Segment Start: Exercise materials
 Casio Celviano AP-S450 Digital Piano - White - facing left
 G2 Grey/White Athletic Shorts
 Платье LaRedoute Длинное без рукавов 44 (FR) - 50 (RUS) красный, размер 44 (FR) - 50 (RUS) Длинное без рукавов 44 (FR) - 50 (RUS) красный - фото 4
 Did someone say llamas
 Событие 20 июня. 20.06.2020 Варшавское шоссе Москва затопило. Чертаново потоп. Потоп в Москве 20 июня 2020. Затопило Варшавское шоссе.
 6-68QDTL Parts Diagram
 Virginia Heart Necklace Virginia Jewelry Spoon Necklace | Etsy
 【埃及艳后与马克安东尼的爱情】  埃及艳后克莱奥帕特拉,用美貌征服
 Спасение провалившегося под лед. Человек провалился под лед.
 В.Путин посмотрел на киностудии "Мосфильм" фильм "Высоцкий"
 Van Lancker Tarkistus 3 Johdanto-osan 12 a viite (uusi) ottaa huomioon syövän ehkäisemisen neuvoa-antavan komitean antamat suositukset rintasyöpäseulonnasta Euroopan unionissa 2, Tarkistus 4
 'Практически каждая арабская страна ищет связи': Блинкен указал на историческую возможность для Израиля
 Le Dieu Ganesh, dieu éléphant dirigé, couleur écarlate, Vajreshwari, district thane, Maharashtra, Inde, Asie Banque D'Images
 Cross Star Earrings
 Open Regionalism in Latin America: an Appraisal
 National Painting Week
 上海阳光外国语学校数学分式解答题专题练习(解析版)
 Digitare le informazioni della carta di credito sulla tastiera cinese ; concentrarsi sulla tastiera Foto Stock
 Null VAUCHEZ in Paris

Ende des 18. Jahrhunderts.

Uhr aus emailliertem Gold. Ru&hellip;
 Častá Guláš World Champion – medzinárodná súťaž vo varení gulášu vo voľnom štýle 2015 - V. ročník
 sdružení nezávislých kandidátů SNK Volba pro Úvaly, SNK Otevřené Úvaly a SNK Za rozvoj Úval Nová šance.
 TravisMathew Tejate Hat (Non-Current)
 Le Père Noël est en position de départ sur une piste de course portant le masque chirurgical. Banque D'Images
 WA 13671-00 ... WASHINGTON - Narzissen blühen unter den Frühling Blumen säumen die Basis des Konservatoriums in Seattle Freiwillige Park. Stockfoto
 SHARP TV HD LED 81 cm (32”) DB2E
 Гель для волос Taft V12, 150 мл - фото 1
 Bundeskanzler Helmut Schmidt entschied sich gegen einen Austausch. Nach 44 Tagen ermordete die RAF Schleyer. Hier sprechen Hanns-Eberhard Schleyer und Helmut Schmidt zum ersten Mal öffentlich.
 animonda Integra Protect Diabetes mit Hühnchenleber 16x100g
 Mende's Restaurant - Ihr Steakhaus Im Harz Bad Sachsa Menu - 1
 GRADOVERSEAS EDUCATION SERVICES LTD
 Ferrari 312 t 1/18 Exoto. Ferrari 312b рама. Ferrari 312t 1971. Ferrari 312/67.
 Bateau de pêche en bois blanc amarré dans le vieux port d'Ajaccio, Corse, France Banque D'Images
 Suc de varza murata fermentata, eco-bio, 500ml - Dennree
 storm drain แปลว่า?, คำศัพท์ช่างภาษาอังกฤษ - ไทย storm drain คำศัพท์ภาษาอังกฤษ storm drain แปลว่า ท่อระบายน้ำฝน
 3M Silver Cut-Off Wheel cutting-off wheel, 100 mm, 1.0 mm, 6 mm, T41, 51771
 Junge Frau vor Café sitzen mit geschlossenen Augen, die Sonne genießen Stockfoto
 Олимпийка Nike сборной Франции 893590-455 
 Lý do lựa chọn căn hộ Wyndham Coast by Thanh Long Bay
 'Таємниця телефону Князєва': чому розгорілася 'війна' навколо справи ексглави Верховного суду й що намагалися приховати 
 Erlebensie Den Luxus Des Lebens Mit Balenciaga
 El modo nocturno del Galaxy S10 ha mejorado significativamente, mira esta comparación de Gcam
Segment End: Exercise materials
Go to the line in the material above that contains "В.Путин посмотрел на" and copy exactly from there through the line that contains "Digitare le informazioni", stopping after it.

 В.Путин посмотрел на киностудии "Мосфильм" фильм "Высоцкий"
 Van Lancker Tarkistus 3 Johdanto-osan 12 a viite (uusi) ottaa huomioon syövän ehkäisemisen neuvoa-antavan komitean antamat suositukset rintasyöpäseulonnasta Euroopan unionissa 2, Tarkistus 4
 'Практически каждая арабская страна ищет связи': Блинкен указал на историческую возможность для Израиля
 Le Dieu Ganesh, dieu éléphant dirigé, couleur écarlate, Vajreshwari, district thane, Maharashtra, Inde, Asie Banque D'Images
 Cross Star Earrings
 Open Regionalism in Latin America: an Appraisal
 National Painting Week
 上海阳光外国语学校数学分式解答题专题练习(解析版)
 Digitare le informazioni della carta di credito sulla tastiera cinese ; concentrarsi sulla tastiera Foto Stock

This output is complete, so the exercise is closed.